Des dizaines de milliers de ventes de logements aux États-Unis s’effondrent après que les acheteurs ont déjà signé des contrats – un signe frappant que la confiance dans le marché immobilier commence à se fissurer.
Près de 53 000 contrats de vente ont été annulés rien qu’en mars, selon de nouvelles données de Redfin.
Cela signifie que 13,4 % de toutes les maisons sous contrat n’ont pas réussi à fermer leurs portes – l’un des taux d’annulation les plus élevés en mars en dehors du chaos du début 2020.
Ces chiffres témoignent d’un malaise croissant parmi les clients, dont beaucoup se retirent après s’être initialement engagés.
Les coûts du logement restent constamment élevés et la nouvelle hausse des taux hypothécaires en mars n’a fait qu’ajouter à la pression financière.
“Les acheteurs ont froid aux yeux”, a déclaré Patricia Amman, agente Redfin Premier à Arlington, en Virginie.
“Il y a eu des licenciements, des hauts et des bas sur les marchés, des troubles géopolitiques, et en plus de cela, les coûts du logement restent élevés. Alors que les acheteurs envisagent de dépenser autant d’argent en période d’incertitude, ils sont extrêmement pointilleux, ce qui conduit certains à se retirer avant la conclusion d’une transaction.”
Pour certains propriétaires potentiels, la réalité des mensualités, des frais de clôture et des obligations à long terme devient plus claire après la signature du contrat, ce qui incite à la réflexion.
Les Américains anxieux renoncent à l’achat d’une maison à un rythme alarmant alors que les acheteurs luttent contre des vendeurs obstinés et des prix en hausse.

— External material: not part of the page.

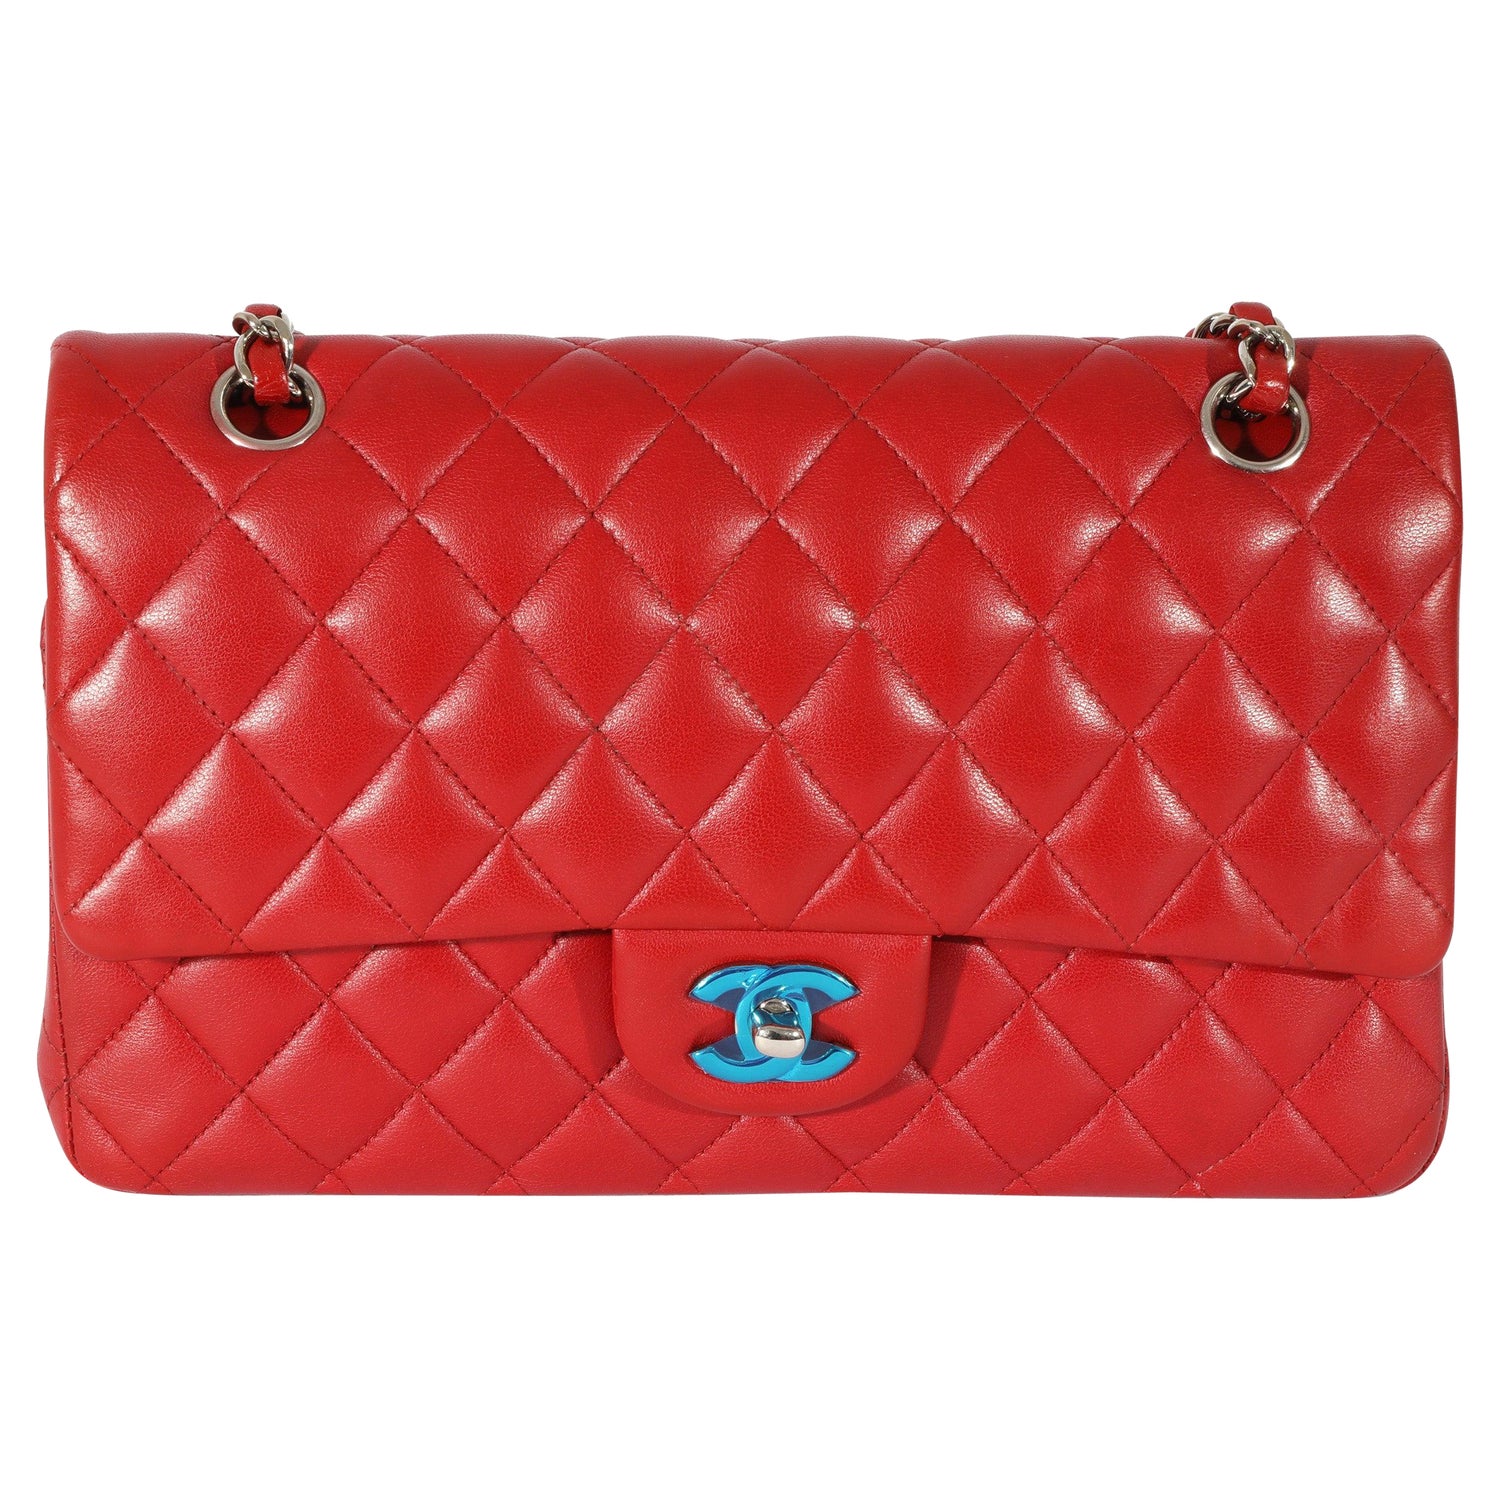 My Chanel Jumbo Flap Story & Advice for Buying Preowned

Près de 53 000 contrats immobiliers ont échoué aux États-Unis en mars
Dans le même temps, la nervosité économique plus large – alimentée par la volatilité des marchés et les tensions géopolitiques dans le contexte de la guerre en Iran – rend les grandes décisions financières plus risquées que d’habitude.
La dynamique actuelle du marché donne également aux acheteurs plus de liberté pour partir. Avec environ 600 000 vendeurs de plus que d’acheteurs à l’échelle nationale, les chasseurs de maisons disposent d’un rare avantage.
Ce déséquilibre leur permet de négocier des conditions plus favorables et d’inclure des imprévus qui facilitent la résiliation du contrat en cas de problèmes.
Dans de nombreux cas, les annulations ne sont pas causées par des défauts majeurs, mais par un choix plus large.
Par exemple, si une meilleure propriété se présente ou si les acheteurs reconsidèrent simplement leur décision dans un climat incertain.
Cette tendance est plus prononcée dans les villes où les clients ont le plus grand choix.
À San Antonio, au Texas, près d’un contrat sur cinq a échoué en mars, soit la proportion la plus élevée parmi les grandes métropoles américaines, avec Orlando, en Floride ; Riverside, Californie ; Atlanta, Géorgie ; et Las Vegas, NV, affichent des taux tout aussi élevés.
Sur ces marchés, l’abondance des stocks permet aux acheteurs de se permettre d’être sélectifs et, si nécessaire, de recommencer sans trop de difficultés.
À San Antonio, au Texas (photo), près d’un contrat sur cinq a échoué en mars
Avec environ 600 000 vendeurs de plus que d’acheteurs à l’échelle nationale, les chasseurs de maisons disposent d’un rare avantage
Patricia Ammann, agent principal de Redfin à Arlington, Virginie
En revanche, les annulations sont beaucoup moins fréquentes sur des marchés plus restreints tels que le comté de Nassau, dans l’État de New York, ainsi que le comté de Montgomery, en Pennsylvanie, et Milwaukee, dans le Wisconsin, où l’offre limitée exerce une pression sur les acheteurs pour qu’ils honorent une fois qu’ils parviennent à un accord.
Certaines régions connaissent des changements plus marqués que d’autres. Riverside et Atlanta ont enregistré certaines des plus fortes augmentations des taux d’annulation par rapport à l’année dernière, démontrant à quelle vitesse les conditions peuvent changer sur les marchés à fort acheteur.
Pendant ce temps, dans des endroits comme Miami, en Floride, Cleveland, dans l’Ohio et Fort Worth, au Texas, les annulations se sont un peu atténuées – rappelant que la tendance n’est pas uniforme à travers le pays.
Les données montrent que ce qui aurait normalement été une saison de soldes de printemps plus stable a plutôt été marquée par la prudence et le réexamen.
Les acheteurs ne se précipitent plus pour conclure des transactions, pèsent plus soigneusement leurs options et décident souvent que s’en aller est la décision la plus sûre.
Pour les vendeurs, cela signifie que l’incertitude demeure même après la signature de l’accord, car le cheminement entre la transaction et la conclusion est devenu beaucoup moins prévisible.